Assignment » There should be no pictures in your answer, only an exact copy of the lines from the one with "Olivia Newton-John Just" through the end of the material.

Given material »
********************
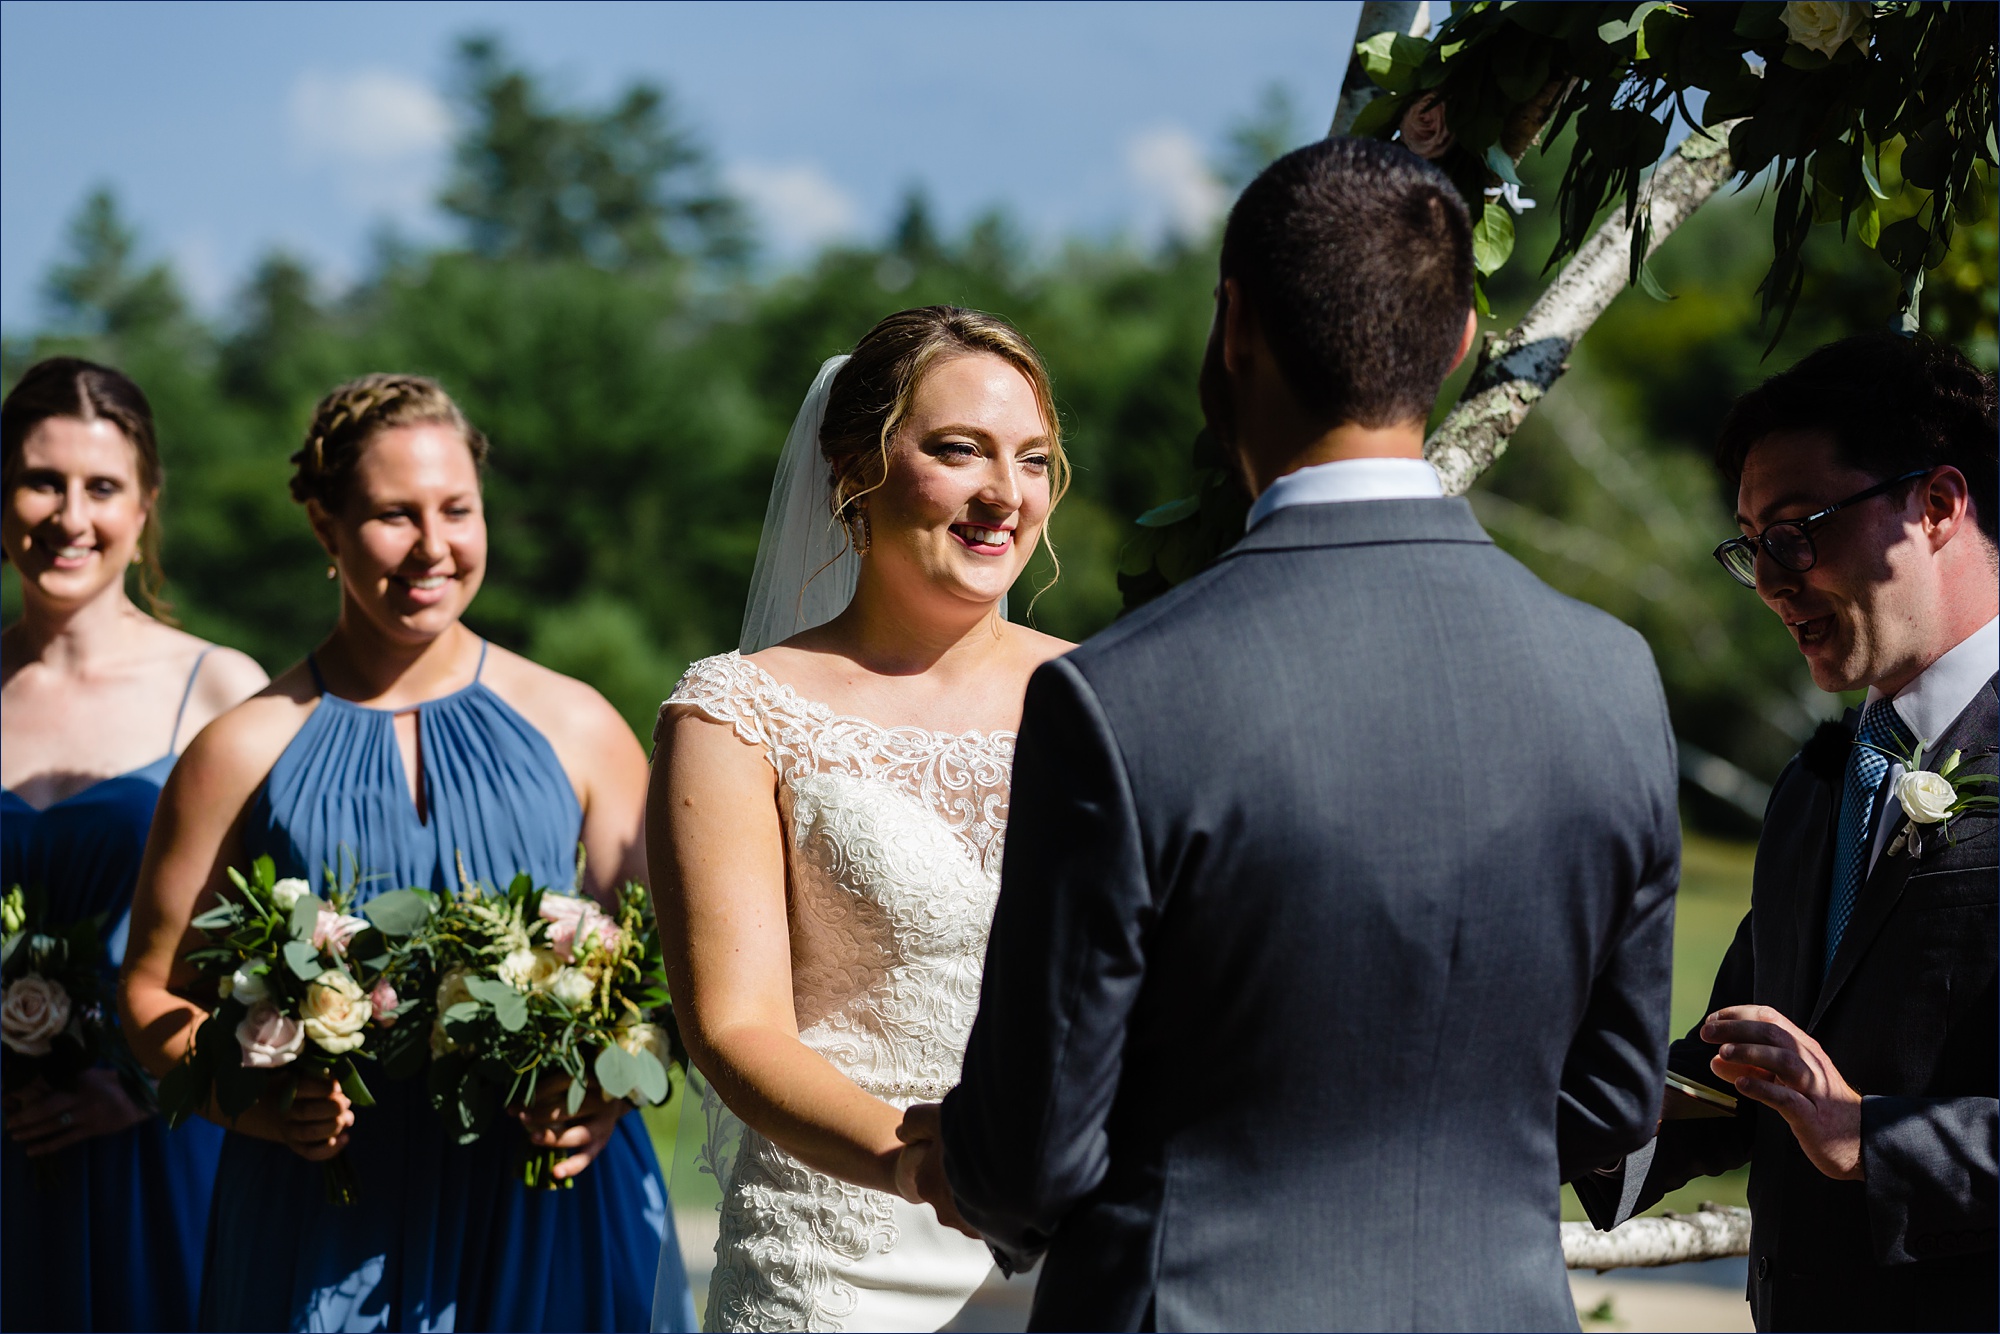 The bride smiles warmly at the groom during their ceremony on the front lawn in New Hampshire
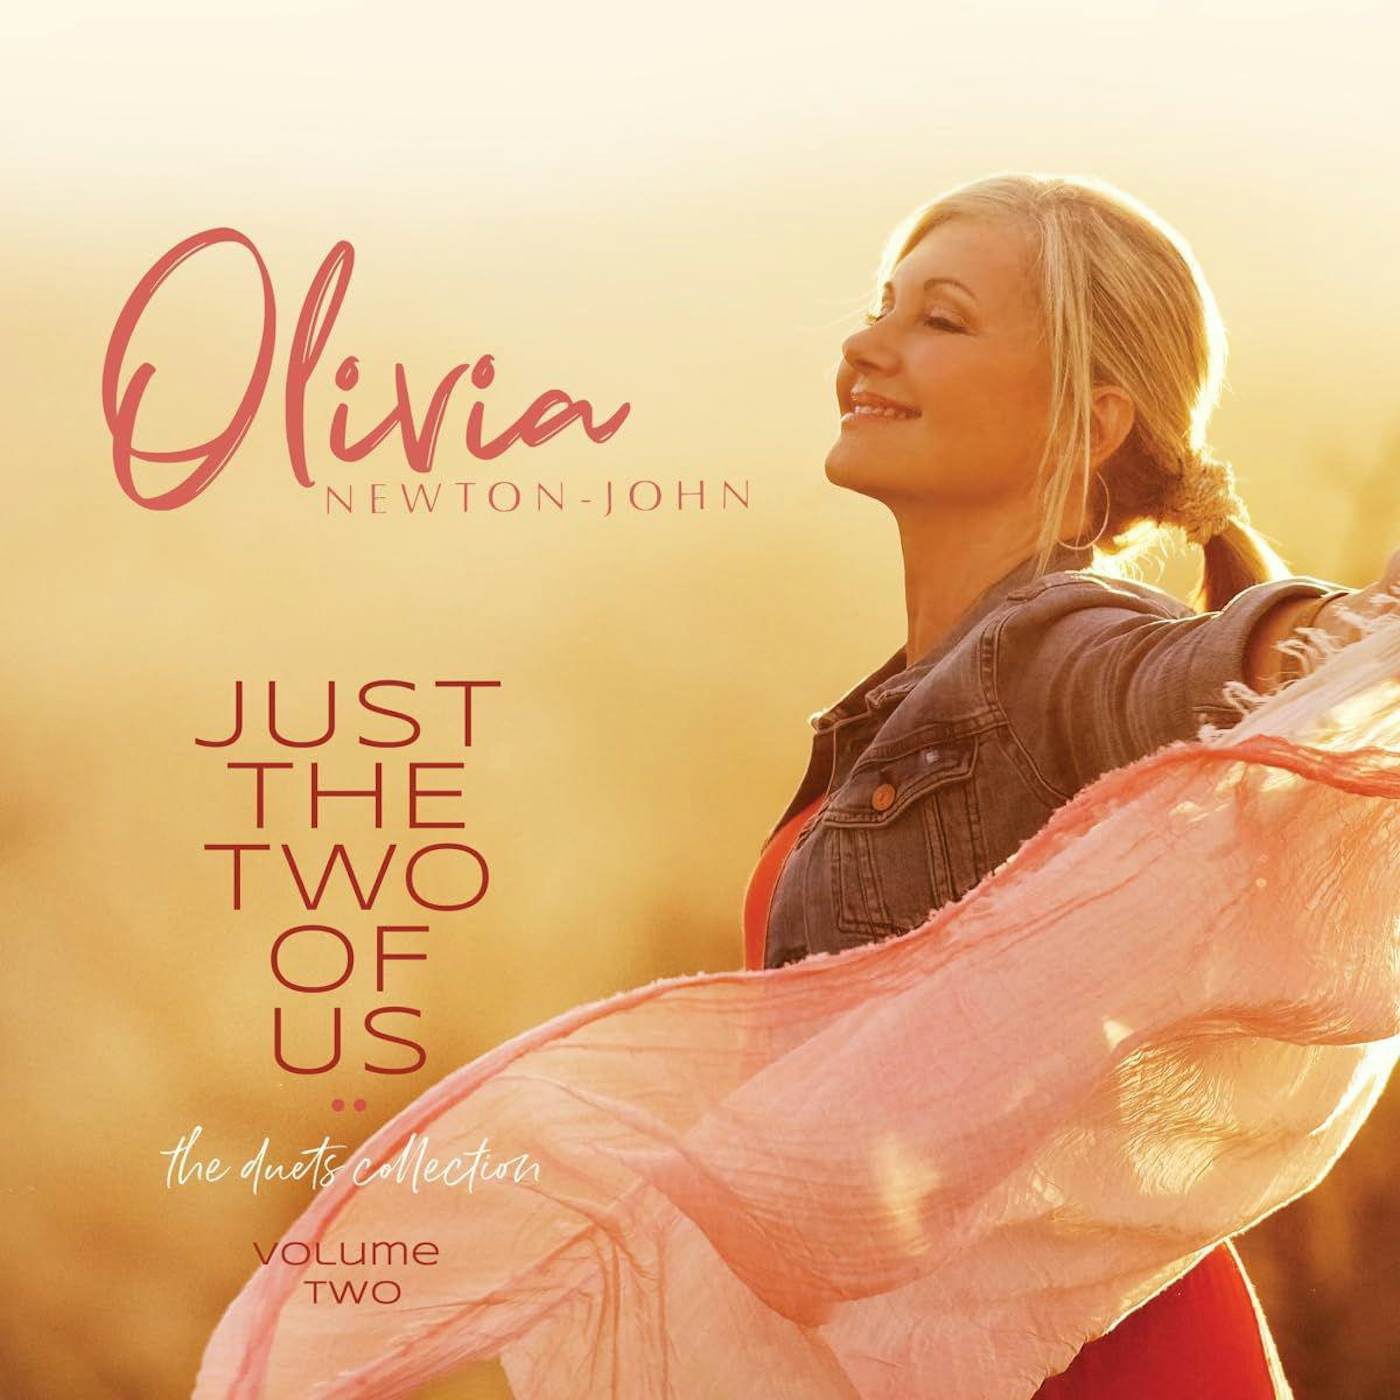 Olivia Newton-John Just The Two Of Us: The Duets Collection (Vol 2) Vinyl Record
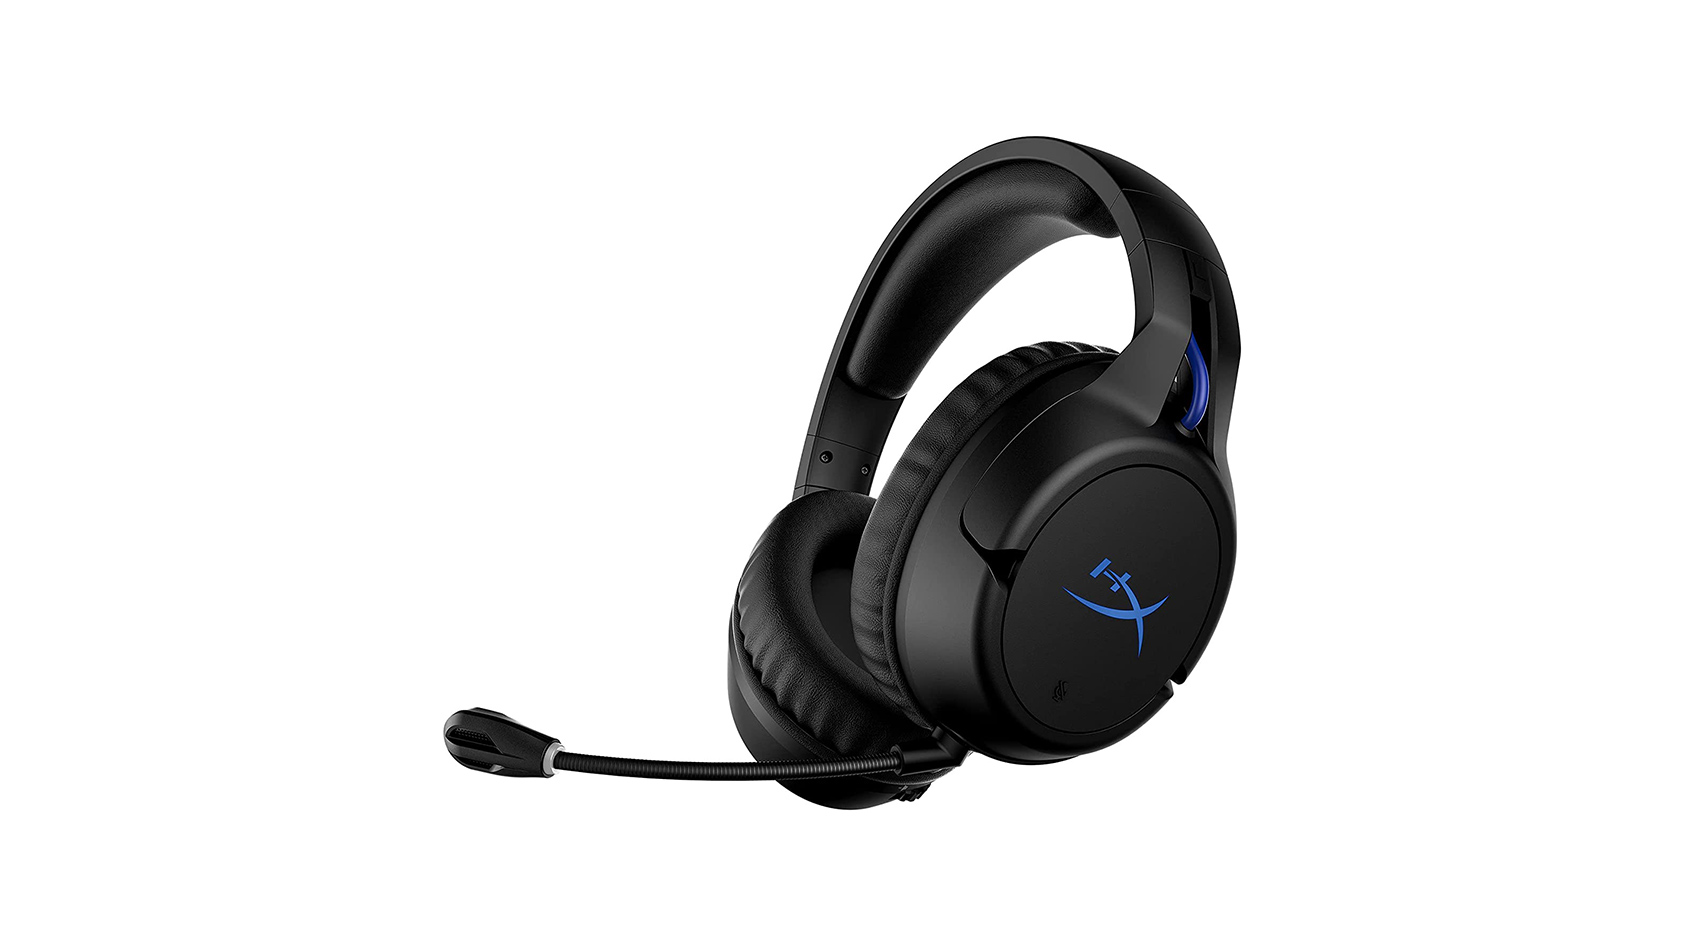 The HyperX Cloud Flight Wireless in black/blue against a white background.
********************
Solution to this problem »
 Olivia Newton-John Just The Two Of Us: The Duets Collection (Vol 2) Vinyl Record
 The HyperX Cloud Flight Wireless in black/blue against a white background.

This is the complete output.